In summary, we define two models: the full model and the reduced model. The final best model will be the model between the full and reduced models. The summary table of significant tests is given below.
full.model = initial.model # the *biggest model* that includes all predictor variables
reduced.model = glm(status ~ range + insect , family = binomial, data = birds)
final.model = step(full.model,
scope=list(lower=formula(reduced.model),upper=formula(full.model)),
data = birds,
direction = "backward",
trace = 0) # trace = 0: suppress the detailed selection process
final.model.coef = summary(final.model)$coef
kable(final.model.coef , caption = "Summary table of significant tests")| Estimate | Std. Error | z value | Pr(>|z|) | |
|---|---|---|---|---|
| (Intercept) | -3.4376339 | 2.1379440 | -1.6079158 | 0.1078536 |
| mass | 0.0019393 | 0.0007326 | 2.6470676 | 0.0081193 |
| range | 0.0000141 | 0.3098265 | 0.0000456 | 0.9999636 |
| migr | -2.0239952 | 0.9603017 | -2.1076659 | 0.0350599 |
| insect | 0.2704685 | 0.1425911 | 1.8968119 | 0.0578528 |
| wood | 1.9489529 | 1.3174130 | 1.4793789 | 0.1390391 |
| upland | -4.7306337 | 2.0981447 | -2.2546746 | 0.0241538 |
| indiv | 0.0138120 | 0.0040579 | 3.4037151 | 0.0006648 |
- Interpretation - Association Analysis
The summary table contains the two practically important variables range and insect. range does not achieve statistical significance (p-value \(\approx\) 1) and insect is slightly higher than the significance level of 0.005. Both variables are seemingly positively associated with the response variable.

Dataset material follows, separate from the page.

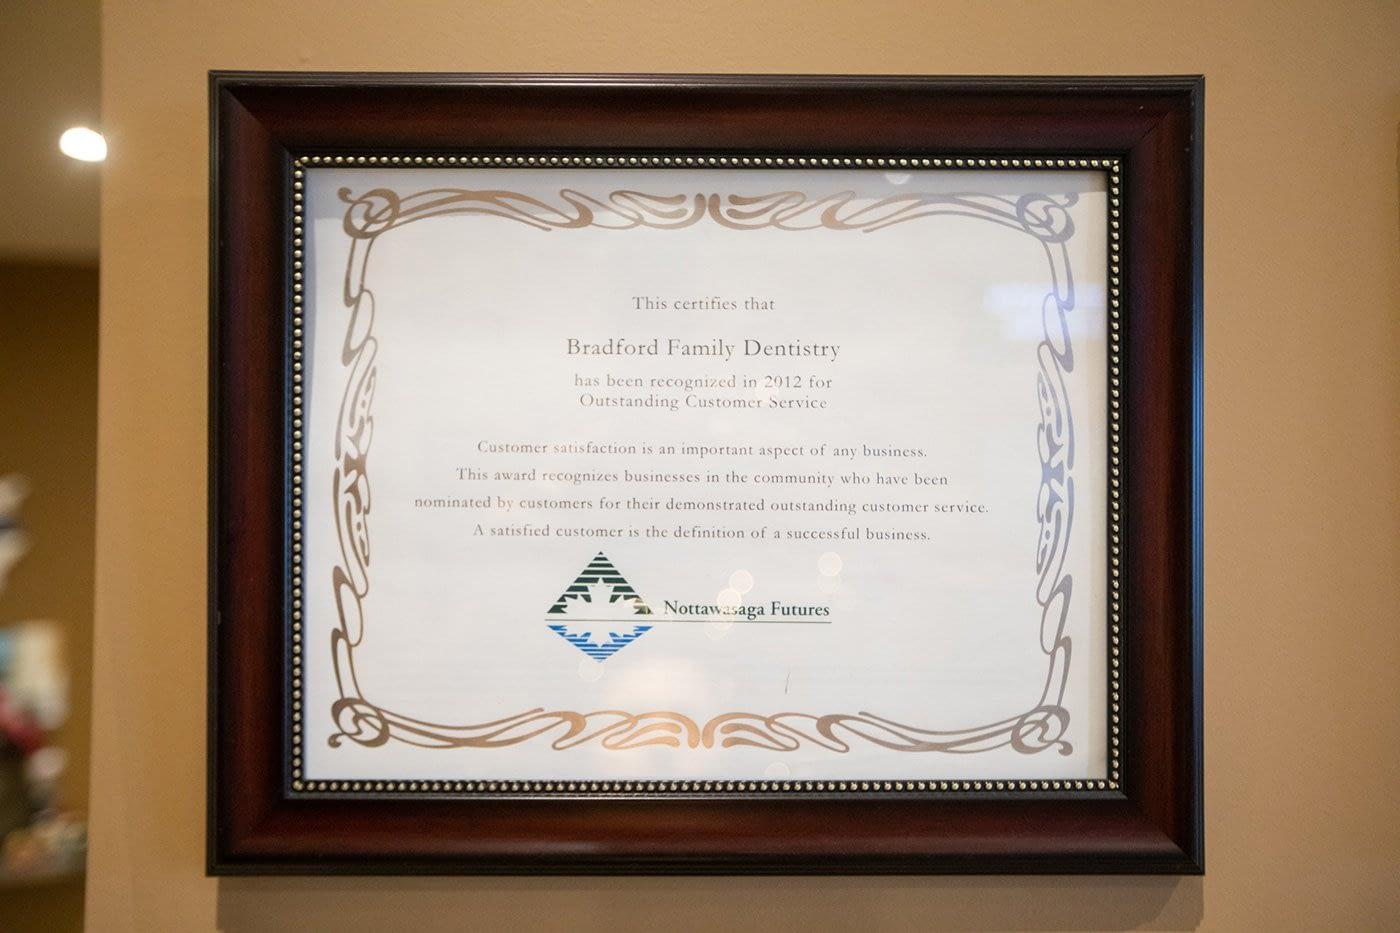 Outstanding Customer Service Award - Nottawasaga Futures - 2012

The following interpretation of the individual predictor variable assumes other life-history variables and the introduction effort variable.
migr and upland are negatively associated with the response variable. The odds of success in introducing migratory birds are lower than the sedentary birds. Similarly, birds using upland infrequently have lower odds to be successfully introduced than those using upland frequently.

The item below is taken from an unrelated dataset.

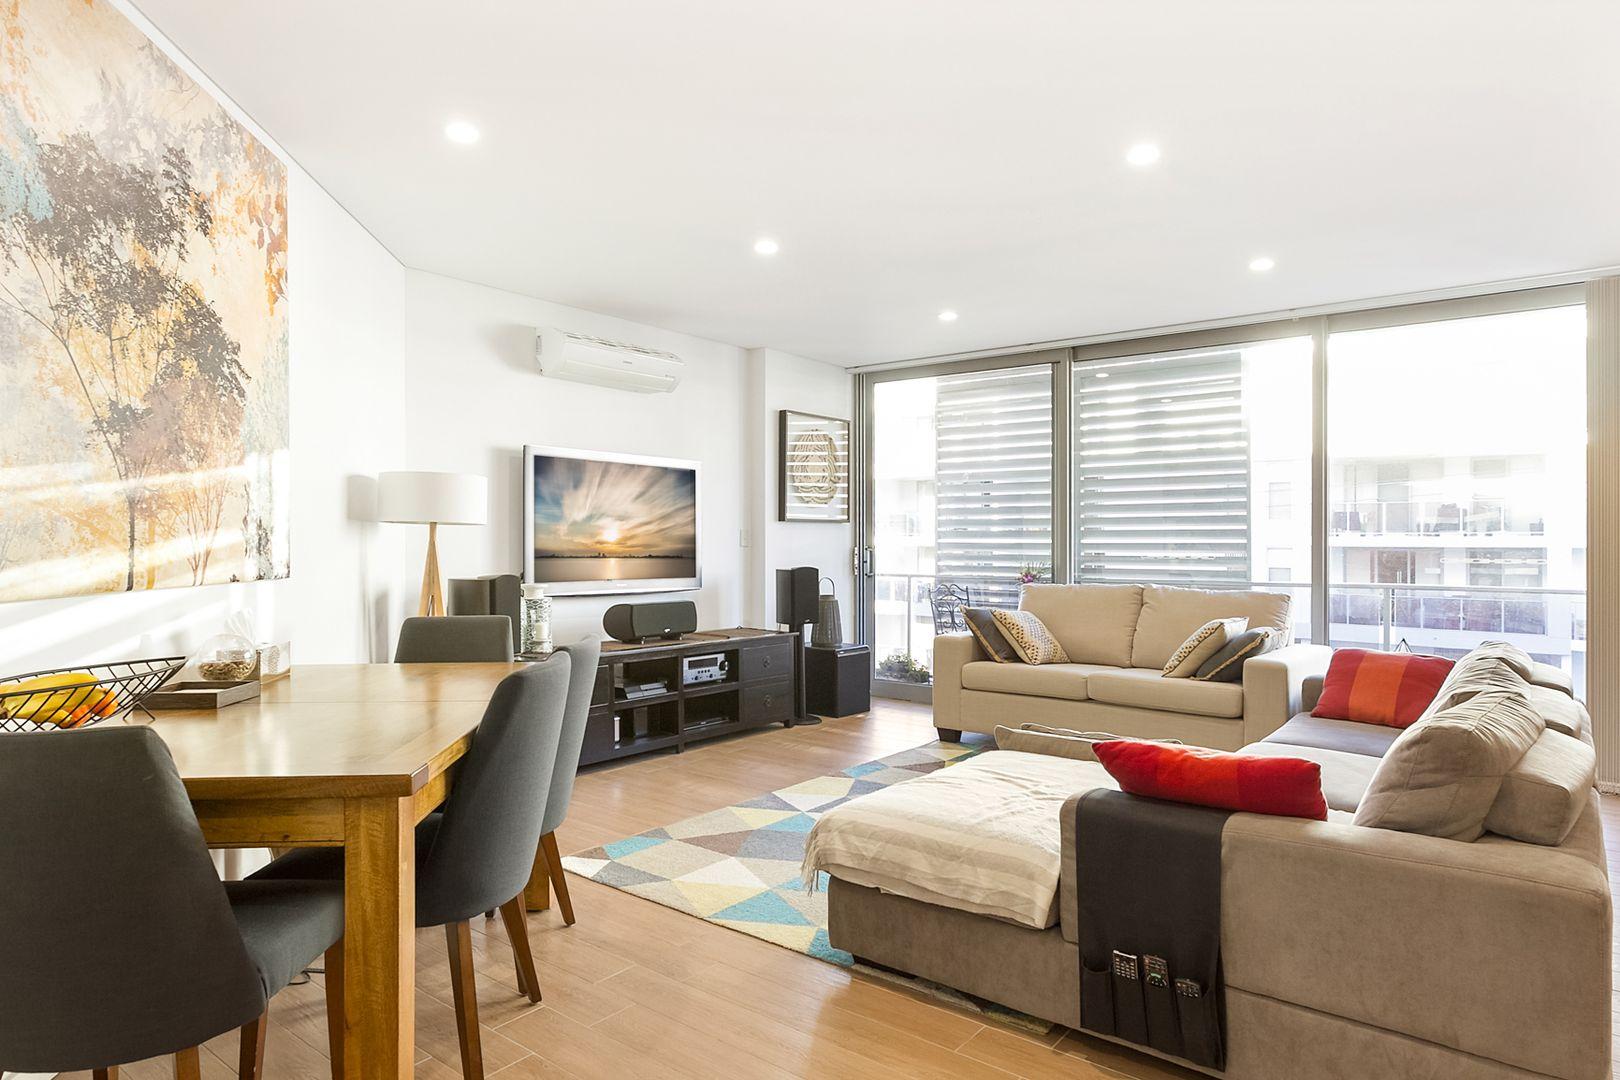 21/16 Reede  Street, Turrella NSW 2205, Image 1

insect is significant (p-value =0.058). The odds of success increase as the number of months of having insects in the diet increases.
mass and indiv are positively associated with the response variable. The odds of success increase and the body mass increases Similarly, the odds of success increase as the number of minimum birds of the species increases.
wood does not achieve statistical significance but seemed to be positively associated with the response variable.
- Predictive Analysis
As an illustration, we use the final model to predict the status of successful introduction based on the new values of the predictor variables associated with two species. See the numerical feature given in the code chunk.
mynewdata = data.frame(mass=c(560, 921),
range = c(0.75, 1.2),
migr = c(2,1),
insect = c(6, 12),
wood = c(1,1),
upland = c(0,1),
indiv = c(123, 571))
pred.success.prob = predict(final.model, newdata = mynewdata, type="response")
##
## threshold probability
cut.off.prob = 0.5
pred.response = ifelse(pred.success.prob > cut.off.prob, 1, 0) # This predicts the response
## Add the new predicted response to Mynewdata
mynewdata$Pred.Response = pred.response
##
kable(mynewdata, caption = "Predicted Value of response variable
with the given cut-off probability")| mass | range | migr | insect | wood | upland | indiv | Pred.Response |
|---|---|---|---|---|---|---|---|
| 560 | 0.75 | 2 | 6 | 1 | 0 | 123 | 0 |
| 921 | 1.20 | 1 | 12 | 1 | 1 | 571 | 1 |
The predicted status of the successful introduction of the two species is attached to the two new records.